Exercise objective: Line by line, retype the material exactly and leave each picture out.

Dataset:
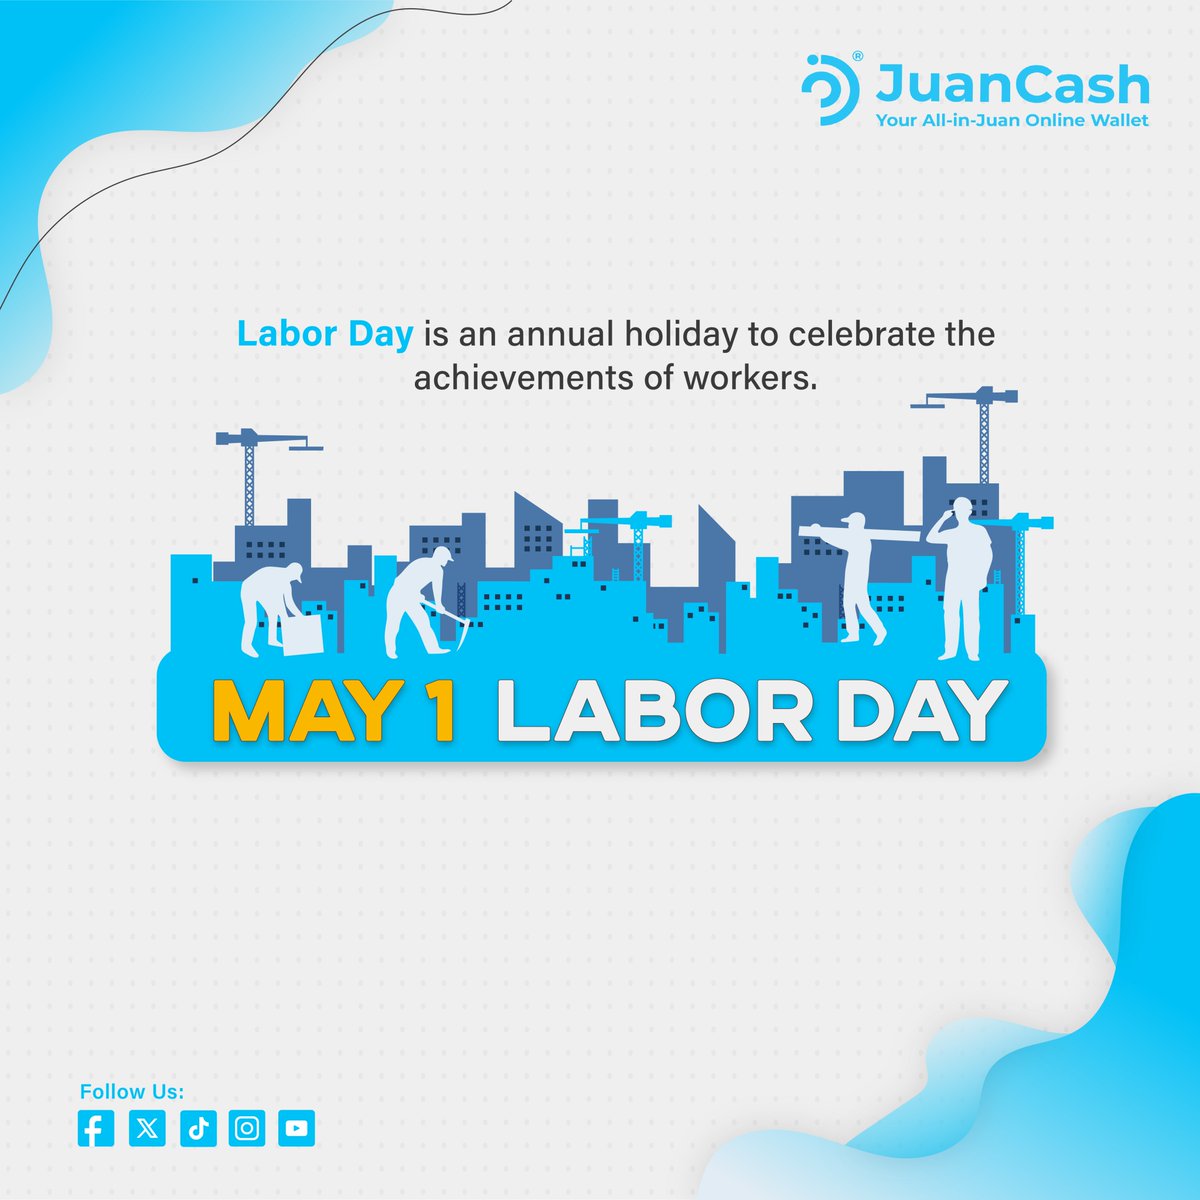 Wishing everyone a fantastic Labor Day! 🌟 
We're grateful for the dedication and passion our employees bring to our company every day. 
Take some time to unwind and celebrate 
your contributions! 🎈💼

#Juancash #JuanCashConvenience #AllInJuanCash 
#LaborDay #EmployeeRecognition

Answer to this problem:
 Wishing everyone a fantastic Labor Day! 🌟 
We're grateful for the dedication and passion our employees bring to our company every day. 
Take some time to unwind and celebrate 
your contributions! 🎈💼

#Juancash #JuanCashConvenience #AllInJuanCash 
#LaborDay #EmployeeRecognition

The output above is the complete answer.